# 1963 Spirit of America Salt Flat Streamliner in Basswood



## ClearHooter (Nov 28, 2004)

Yes.... After carving 10 cars out of white pine. I finally reached out to a friend of mine who really is a carver. And his suggestion for carving stock was Basswood. "Doesn't matter if it is 'large mouth' or 'small mouth.'" I have to agree with his advice. It's a bit softer than white pine. But the grain is clear. Nonexistent. SO... The Church of MILLIPUT has joined denominations with The Church of BASSWOOD.

The next project will be a try at the 1963 Salt Flat Streamliner "Spirit of America." I'm wanting to make it a comparable size to the LLEDO model of the "Spirit of America, SONIC 1." According to Wiki the SoA was 44' 10". they also said the same of the SONIC 1. I found that a little unbelievable. Further reference stated the SONIC1 was 35 ' even. So after doing the math this should be about right for the length of the SoA car.

If anyone has further info on the dimensions of these two cars PLEASE let me know now. NOT AFTER I'M FINISHED.... Thank you.


----------



## ClearHooter (Nov 28, 2004)

Got the basic shape of the fuselage.
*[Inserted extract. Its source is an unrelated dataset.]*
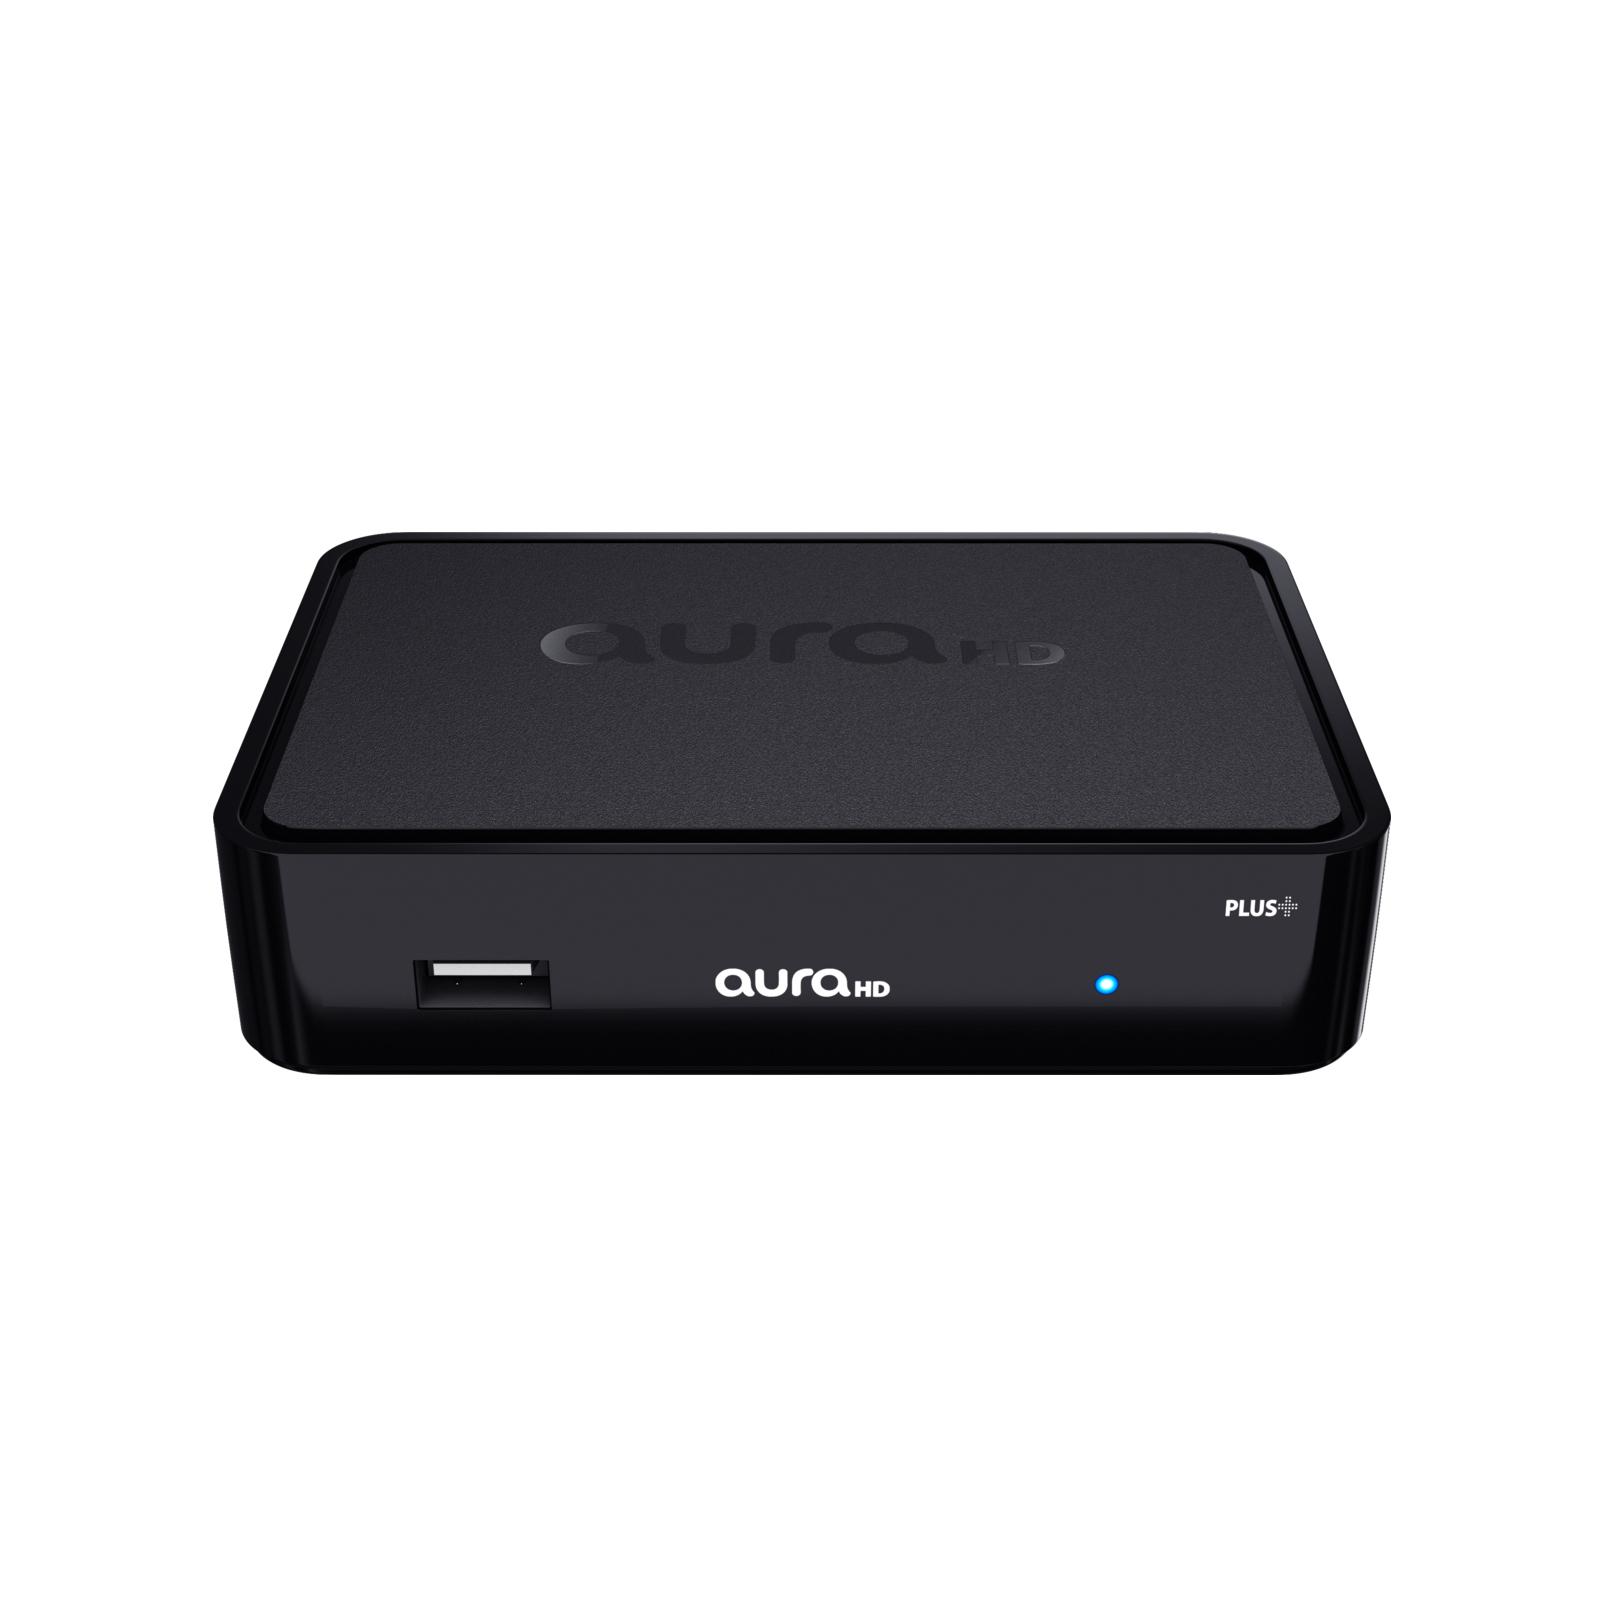 Медиаплеер Aura HD Plus WiFi T2 (Aura HD Plus WiFi T2) изображение 5
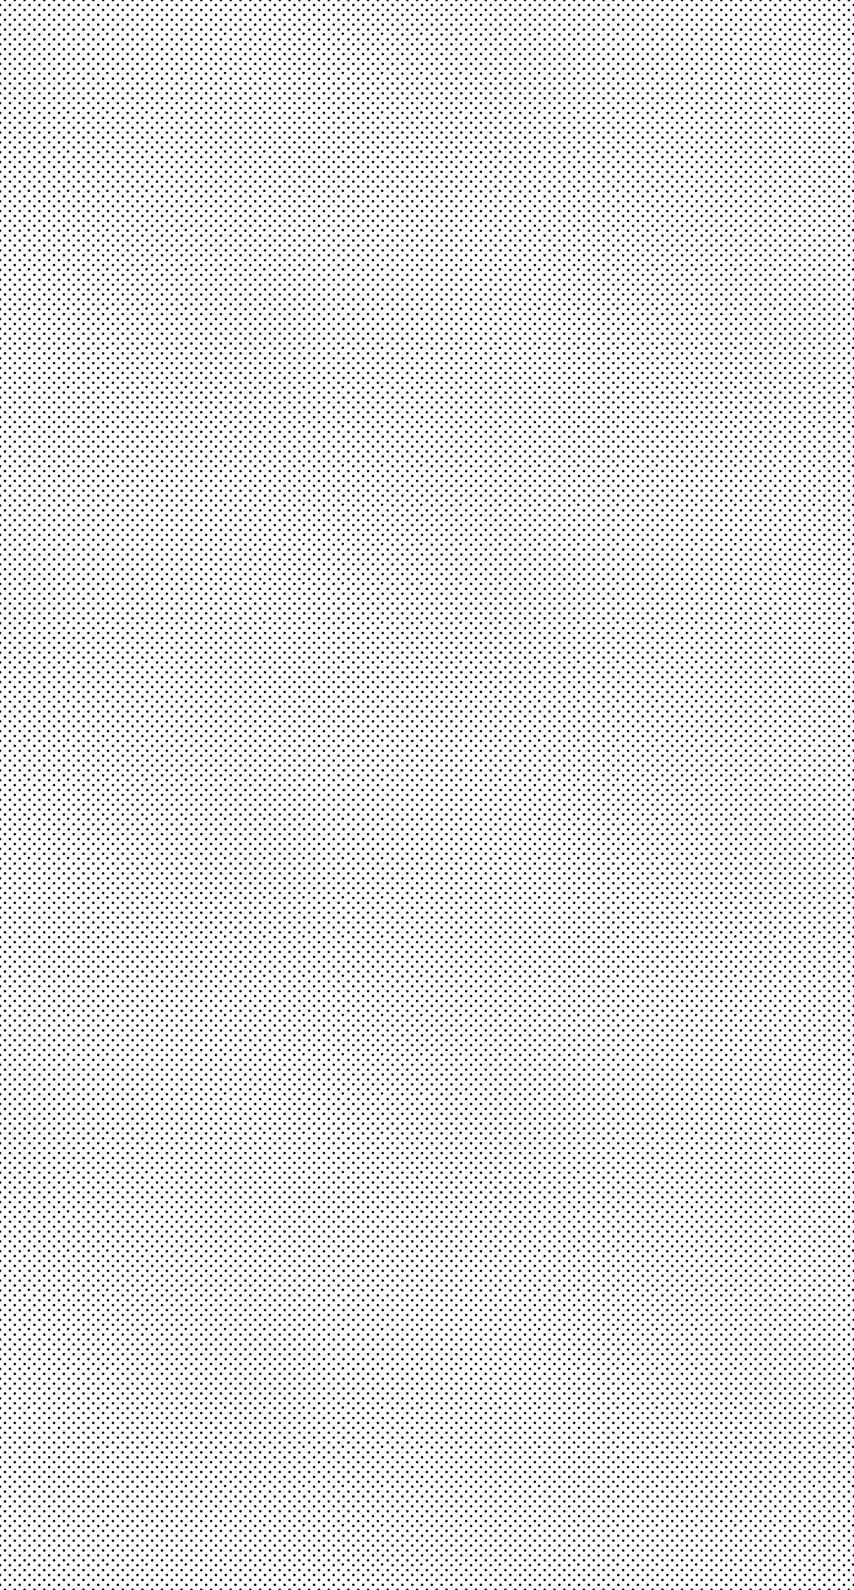 Pattern Dot Black And White Wallpaper Sc Iphone7

Going to have to add a MILLIPUT "topper" to the canopy. It will probably be sawed off and some form of interior installed. I was also considering opening the engine compartment. I'd need some semblance of a jet engine were I to take that consideration any further.


----------



## ClearHooter (Nov 28, 2004)

The pieces have been cut. Now they have to be slotted to fit wheel assemblies. And drilled to open up the side tunnels .And accommodate an engine ?


----------



## Milton Fox Racing (May 27, 2014)

It is reaally amazing how those shapes are hidden inside a fish. I mean a piece of wood.


----------



## ClearHooter (Nov 28, 2004)

No pun intended. Here's the mach-up..... Well maybe a little pun.... Like a little more than half a pun. 407.447mph.


----------



## ClearHooter (Nov 28, 2004)

I'm glad I used the small mouthed Basswood..... 😁


----------



## irishtrek (Sep 17, 2005)

I remember back about 50 years ago? Craig Breedlove came to Portland with his Spirit of America II I think it was. I was walking to Mall 205 through a smaller strip mall when he was at the smaller one and I was just in time to see his car being rolled out of the semi trailer.


----------



## ClearHooter (Nov 28, 2004)

Bonneville is one of those things on my bucket list. Breedlove is one of those people I'd like to meet. Like Jim Hall, probably will never get the chance. But It'd sure be cool.


----------



## ClearHooter (Nov 28, 2004)

For good or bad I decided to do an aluminum foil wrap. Need to do some more burnishing on the foil. Probably will use decals for the blue nose and trim. The slotted disc wheels will fit. Saw a photo of SONIC 1 with Breedlove standing next to it. In comparing it to SoA photo with him standing next to it, it actually looks about right, as far as size goes. I understand why HW's hasn't come out with an SoA car. At 44+ feet this sucker really is huge. It scaled out at around 5.75". SONIC 1 comes in just under 4.5" .I'm not sure what scale that equates to but even at 1/64th'ish scale that's probably over 3". Will probably form the canopy this evening. Should start on the decals Monday


----------



## ClearHooter (Nov 28, 2004)

Got a new refrigerator Monday. We put in a new floor to go under it yesterday.. Finally got the canopy made today. This is the third attempt. Got the decal sheets ready to print. Going to have to use clear and white sheets. I'm not fond of clear decal film. But cutting out SPIRIT of AMERICA would be impossible. I'm still not 100% happy with the aluminum foil wrap. I'll probably redo that as it's starting to take a beating. At that time I'll spray it aluminum and see what that looks like. Then I could use all white decal paper. That's how much I don't like the clear stuff. So there's quite a bit more to do to this before it's ready for the Salt Flats.


----------



## ClearHooter (Nov 28, 2004)

Printer's out of ink so it'll be next week before I can put the finishing touches on this one. But it's almost done


----------



## ClearHooter (Nov 28, 2004)

Finally got enough ink to finish up the SoA Streamliner. Came out OK.... Me thinks.


----------



## Russ31073 (Jul 8, 2020)

Super cool! I always loved those old salt flats cars. That'll be a fun piece to have on the shelf.


----------



## ClearHooter (Nov 28, 2004)

That's one of those things on my short bucket list is to go to the Daytona Rolex 24 and Bonneville during Speed Week. Probably won't make it this August. That's the thing about a bucket list. Keeps getting kicked down the road.


----------